It struck me the other day that we are fighting against a critical shift in the definition of the political spectrum -- a shift that threatens to undermine 70 years of progress. Until Reagan, the New Deal (and Great Society) were considered the unassailable, consensus center of the political spectrum. The moderate left wanted to expand the New Deal to include, e.g., health care and rights (completion of the Civil Rights movement, women's rights, gay rights). The "far left" only grew to be a force briefly, when the anti-Vietnam war movement swelled its ranks in the late '60s and early '70s. (Contrary to mythology, McGovern was hardly a "far left" candidate -- despite the best efforts of the purveyors of the "conventional wisdom" that the "lesson of McGovern" is not to go "left.")
Until the late '70s, The Consensus Center even included Republicans, who as Krugman points out in Conscience of a Liberal, had stopped their war against the New Deal by the Eisenhower administration, and even Nixon, for all his evil paranoia, accepted and expanded (or at least didn't fight), e.g., the EPA.
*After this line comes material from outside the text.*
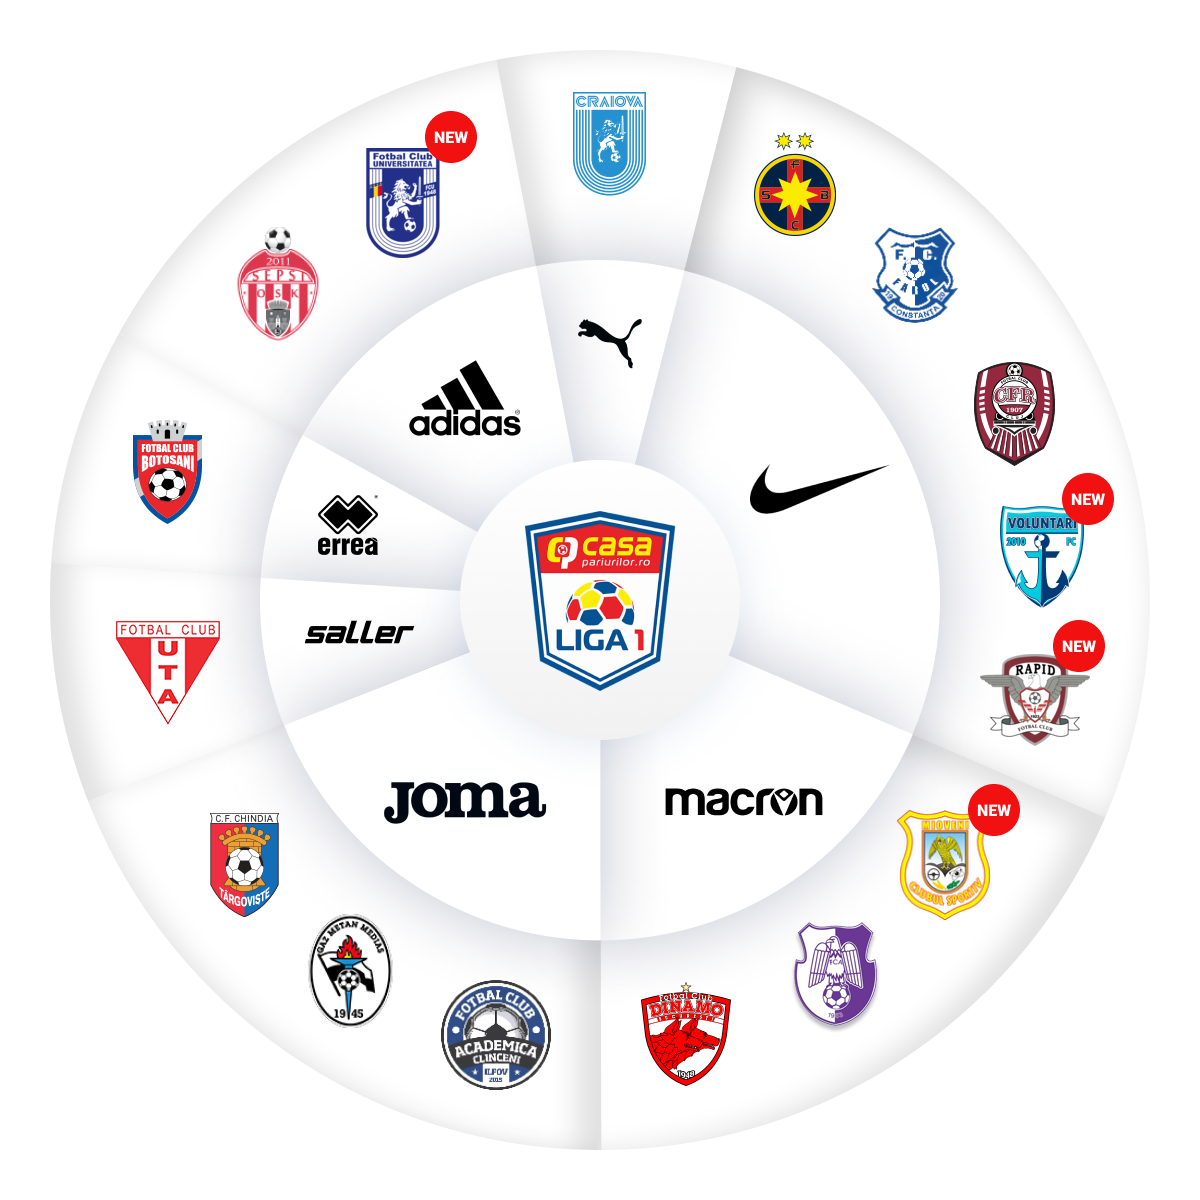 Overview of the 2020/2021 La Liga sponsors

The spectrum therefore looked like this:
Far right: Kill the New Deal
Moderate right: Accept the New Deal; perhaps lower taxes
Center: Accept the New Deal with incremental improvements
Moderate Left: Push for greater expansion of the New Deal.
Far Left: (Actual) Socialism
For 40 years there has been a relentless campaign to redefine the consensus center -- to delegitimize the central concept of the New Deal -- that government can play a central role in improving everyone's life. The driving forces behind this were movement conservatism and its exploitation of racism, and now nativism, to create the perception that government was only helping the "others."
Deliberate creation of deficits then provided a rationale for "serious" people to thoughtfully stroke their chins and "realize" that we just can't afford the New Deal and Great Society anymore. The villains here are not primarily the right wing ideologues, but those considered to be on the "moderate left," led by Thomas Friedman. (That's why Atrios was right in ranking Friedman No. 1 on his "wanker" list.)
This has led to the dangerous situation now, in which maintaining the basic protections of the New Deal and Great Society like Social Security, Medicare and Medicaid is now considered to be the "left" position. The thoughtful chin-strokers have anointed Simpson-Bowles as the paradigm of the "Center," and the moderate right has been swallowed up by the far right in the form of the Ryan Budget.
The Spectrum now is dangerously close to this:
Far Right: Kill the New Deal (Ryan Budget)
Moderate right: See far right, above
Center: Slowly strangle the New Deal (Simpson Bowles)
Moderate Left: Preserve the New Deal (Obama Budget)
Progressive Left: Expand the New Deal (Congressional Progressive Caucus Budget)
Far Left: Who?
Polls show that by large margins, people believe in left and moderate left policies (more progressive taxation, like the Buffet Rule and maintenance and expansion of social security, medicare and medicaid). However, the relentless propaganda of Fox et al. causes voter confusion as to who stands for those policies. Thus, we saw the 2010 spectacle of people voting in a Tea Party Congress based in large part on non-stop ads screaming that the Democrats had "cut $500B from Medicare," and immediately thereafter, that Congress voting (via the Ryan Plan) to eviscerate Medicare.
Sadly, Obama has flirted with the moderate right by appointing the Simpson Bowles commission and proposing the Medicare/Social Security threatening "Grand Bargain." But now he is asserting the moderate left position by pushing the Buffet Rule and at least using left populist rhetoric.
It's up to us to push back against this poisonous re-alignment, in which the policies we have enjoyed and were inviolate for 70 years are now characterized as "left."